- _YOUR TASK_
Print nothing except the line holding "Pyrex 7203 7-Cup" and the lines that come after it in the material below, and leave the pictures out.

- _RAW DATA_

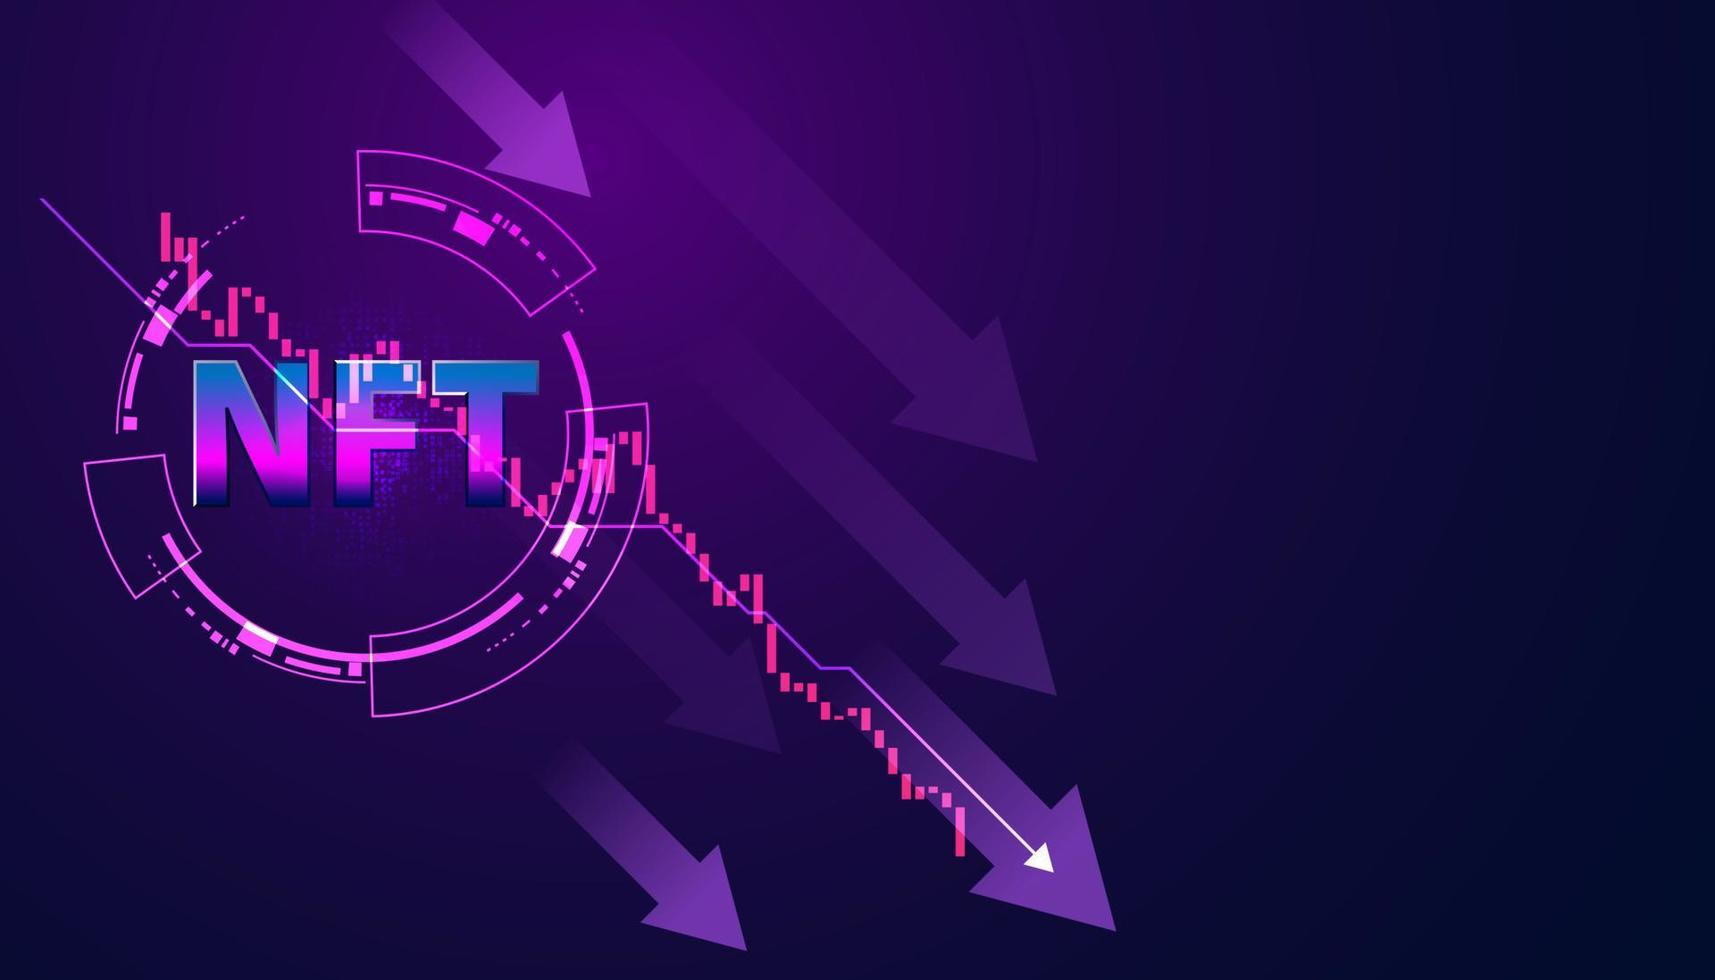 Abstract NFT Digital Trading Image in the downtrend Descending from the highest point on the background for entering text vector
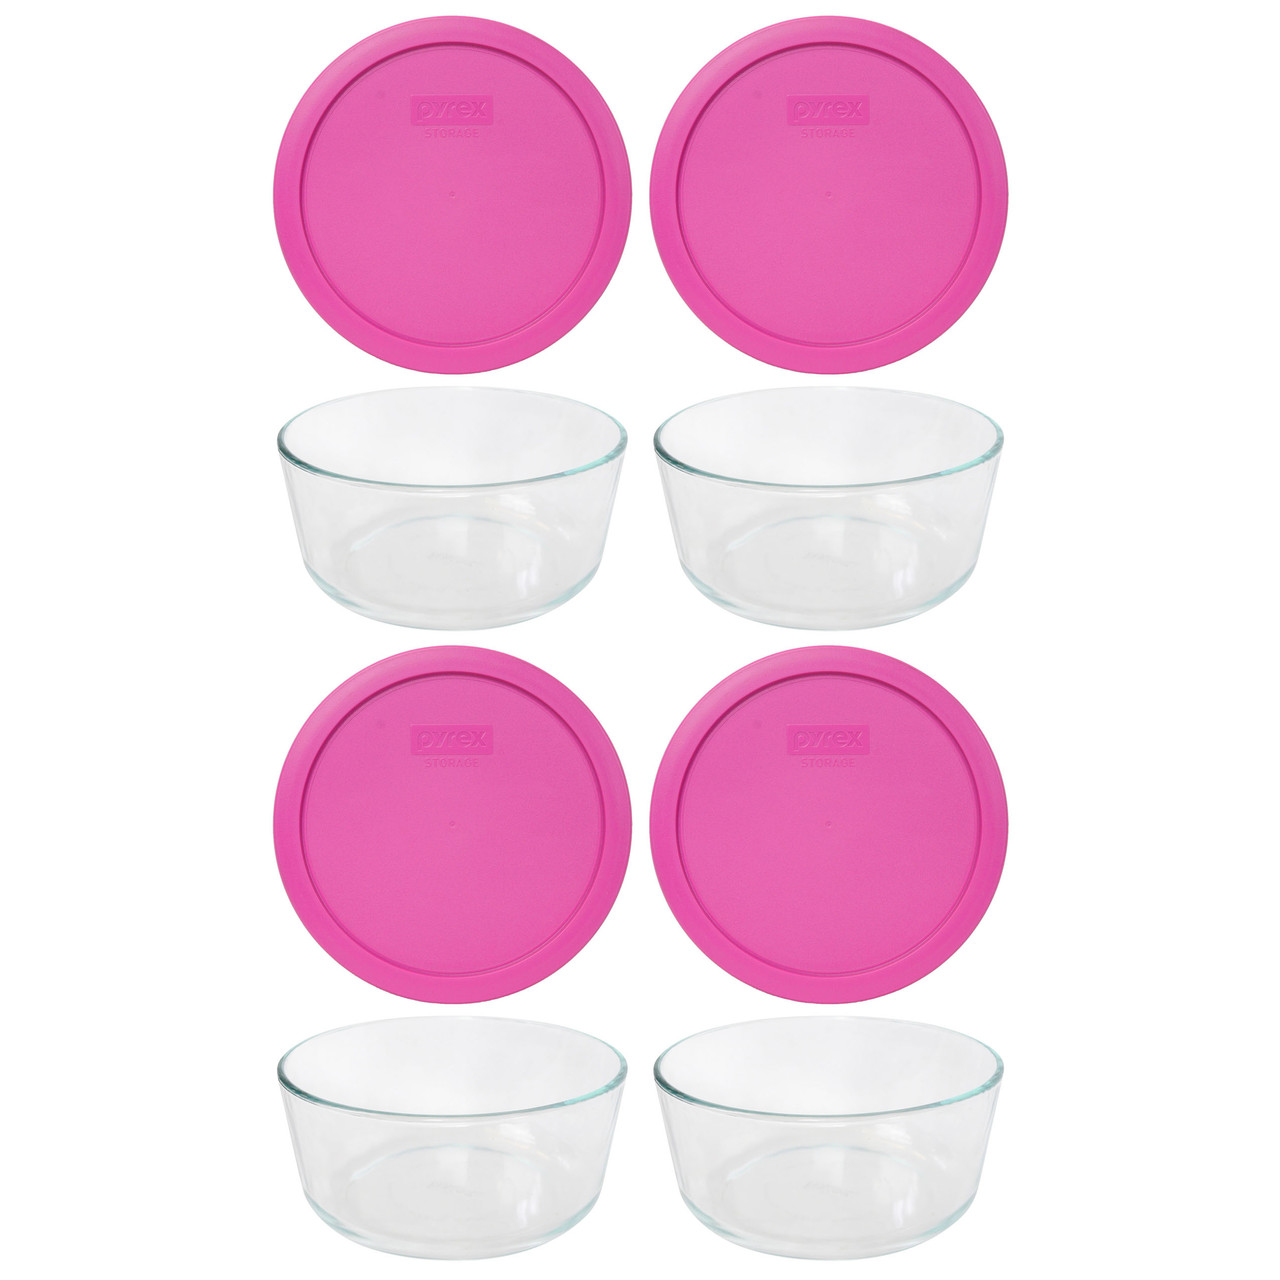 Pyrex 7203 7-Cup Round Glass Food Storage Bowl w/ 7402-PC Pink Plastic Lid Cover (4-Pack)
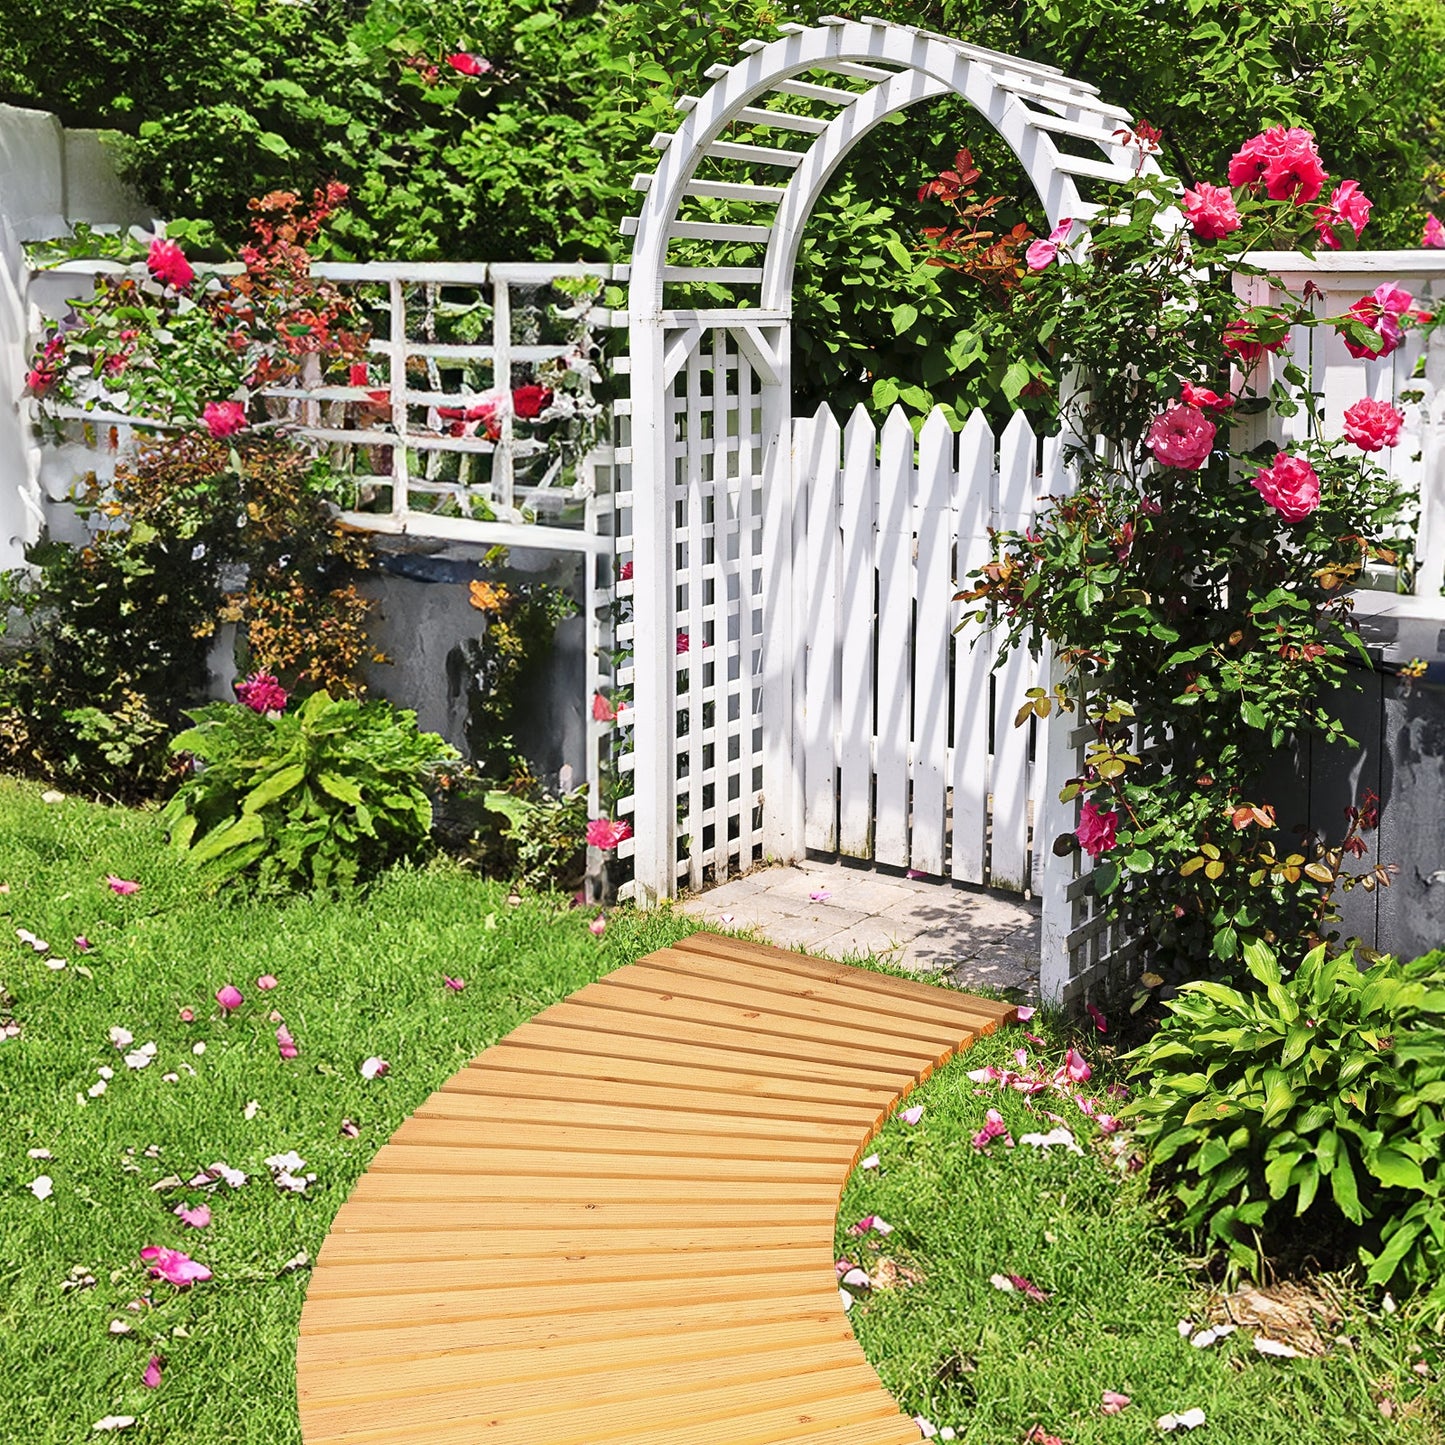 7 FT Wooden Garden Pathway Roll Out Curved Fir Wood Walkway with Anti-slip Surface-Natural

- _TASK OUTPUT_
 Pyrex 7203 7-Cup Round Glass Food Storage Bowl w/ 7402-PC Pink Plastic Lid Cover (4-Pack)
 7 FT Wooden Garden Pathway Roll Out Curved Fir Wood Walkway with Anti-slip Surface-Natural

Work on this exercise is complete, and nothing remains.